A widely circulated 2024 post-mortem from an LLM SaaS startup described how they shipped a 47-panel observability dashboard, then went six months without anyone opening it. The outage that finally got it noticed had been visible on panel 23 for three weeks. The lesson: a dashboard with too many panels is a dashboard with zero panels. The fix was three big graphs at the top, the rest collapsed by default, and a single Slack alert that linked directly to whichever graph was on fire.
42.9.6 Building OTel Dashboards for LLM Operations
Raw traces are useful for debugging individual requests, but operational excellence requires aggregated dashboards that show system health at a glance. The combination of OTel metrics and span-derived analytics enables dashboards that answer the questions every LLM operations team needs answered: What is the current P50/P95/P99 latency? How many tokens are we consuming per hour? What is our error rate by model and provider? Which features are the most expensive?
Grafana is the most common dashboard tool for OTel data. With Grafana Tempo for traces and Prometheus (or Mimir) for metrics, you can build unified dashboards that correlate latency spikes with token usage anomalies. The following example shows how to define custom OTel metrics that power these dashboards.
from opentelemetry import metrics
from opentelemetry.sdk.metrics import MeterProvider
from opentelemetry.sdk.metrics.export import PeriodicExportingMetricReader
from opentelemetry.exporter.otlp.proto.grpc.metric_exporter import OTLPMetricExporter
# Set up metrics export
metric_reader = PeriodicExportingMetricReader(
OTLPMetricExporter(endpoint="http://otel-collector:4317"),
export_interval_millis=10000, # Export every 10 seconds
)
meter_provider = MeterProvider(metric_readers=[metric_reader])
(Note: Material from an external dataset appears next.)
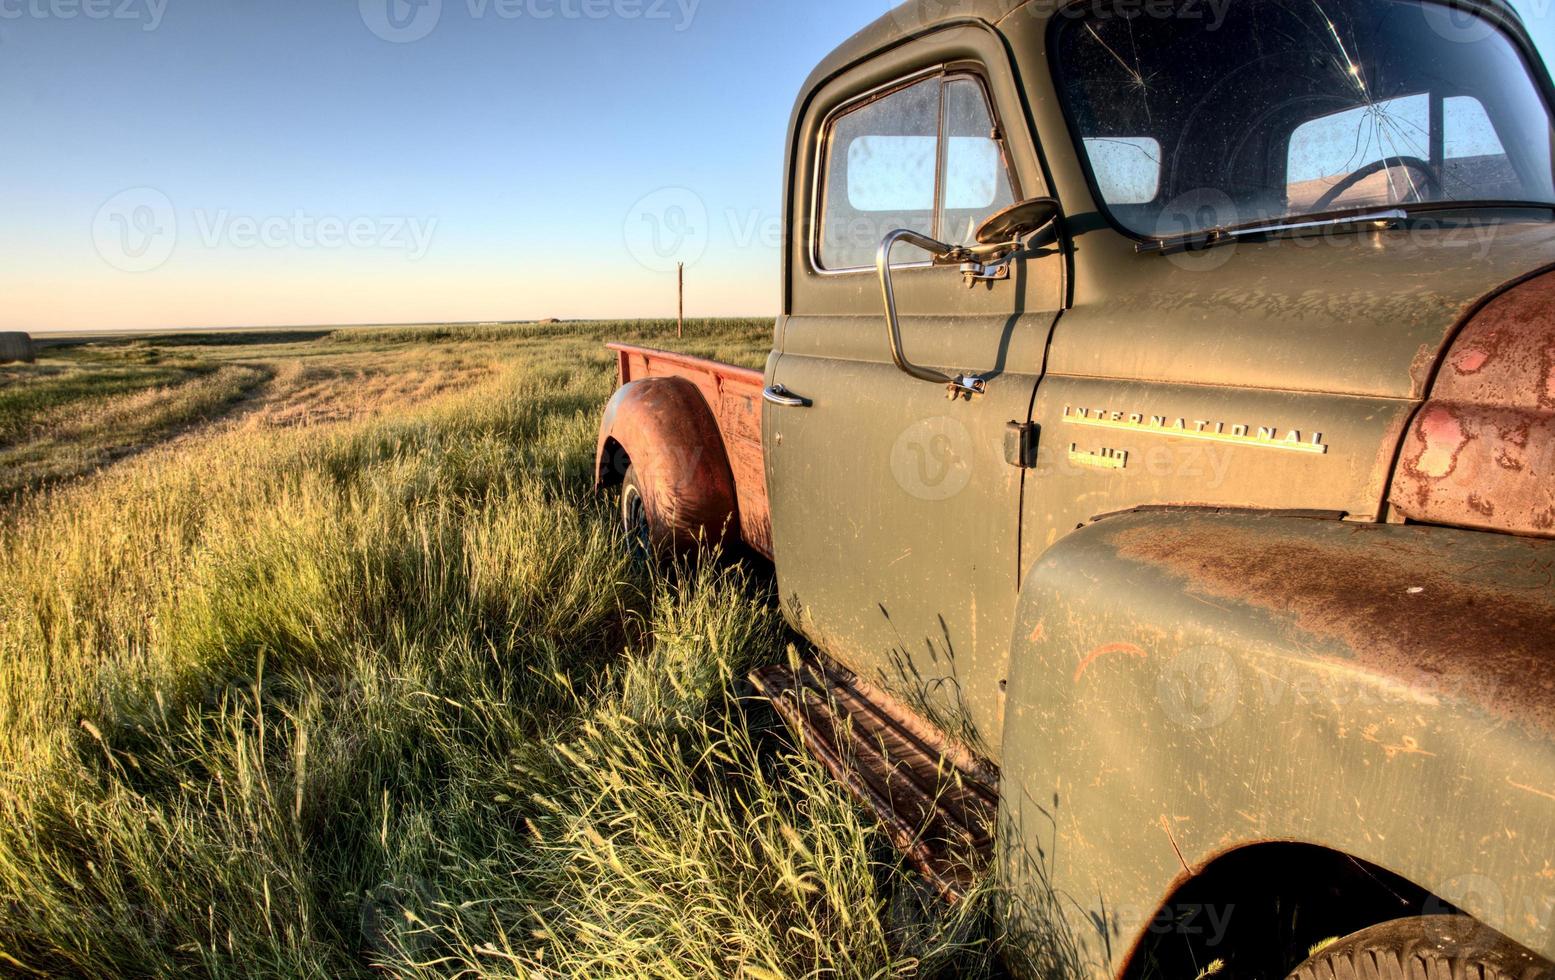 alte landwirtschaftliche Lastwagen foto

metrics.set_meter_provider(meter_provider)
meter = metrics.get_meter("llm-app.operations")
# Define operational metrics
llm_latency = meter.create_histogram(
"gen_ai.request.duration",
unit="s",
description="LLM request duration in seconds",
)
llm_tokens = meter.create_counter(
"gen_ai.tokens.consumed",
description="Total tokens consumed by model and type",
)
llm_errors = meter.create_counter(
"gen_ai.errors",
description="LLM API errors by type and model",
)
active_requests = meter.create_up_down_counter(
"gen_ai.requests.active",
description="Currently in-flight LLM requests",
)
# Usage in application code
import time
async def monitored_llm_call(model, messages, **kwargs):
"""LLM call with full metrics instrumentation."""
labels = {"model": model, "provider": "openai"}
active_requests.add(1, labels)
start = time.monotonic()
try:
response = await client.chat.completions.create(
model=model, messages=messages, **kwargs
)
duration = time.monotonic() - start
llm_latency.record(duration, labels)
llm_tokens.add(response.usage.prompt_tokens,
{**labels, "token_type": "input"})
llm_tokens.add(response.usage.completion_tokens,
{**labels, "token_type": "output"})
return response
except Exception as e:
llm_errors.add(1, {**labels, "error_type": type(e).__name__})
raise
finally:
active_requests.add(-1, labels)
A well-designed LLM operations dashboard typically includes four panels: (1) a latency panel showing P50, P95, and P99 latency by model, with alerting thresholds; (2) a token consumption panel showing input and output tokens per hour, broken down by model and feature; (3) an error rate panel showing errors by type (rate limit, timeout, server error) with trend lines; and (4) a cost panel showing estimated spend per hour and projected monthly cost. The drift monitoring from Section 44.6 adds a fifth dimension: quality metrics derived from automated evaluation scores.
Objective
Set up a complete experiment tracking workflow using MLflow. You will first build a manual logging harness (the "right tool" baseline for understanding what gets tracked), then use MLflow's autologging and model registry features. By the end, you will have multiple tracked runs that you can compare in the MLflow UI.
What You'll Practice
- Setting up MLflow tracking with a local backend
- Logging parameters, metrics, and artifacts to experiment runs
- Comparing runs across hyperparameter configurations
- Registering and versioning model artifacts in the MLflow Model Registry
Setup
Install MLflow and a lightweight model library for the experiment.
Steps
Step 1: Manual experiment logging (from scratch)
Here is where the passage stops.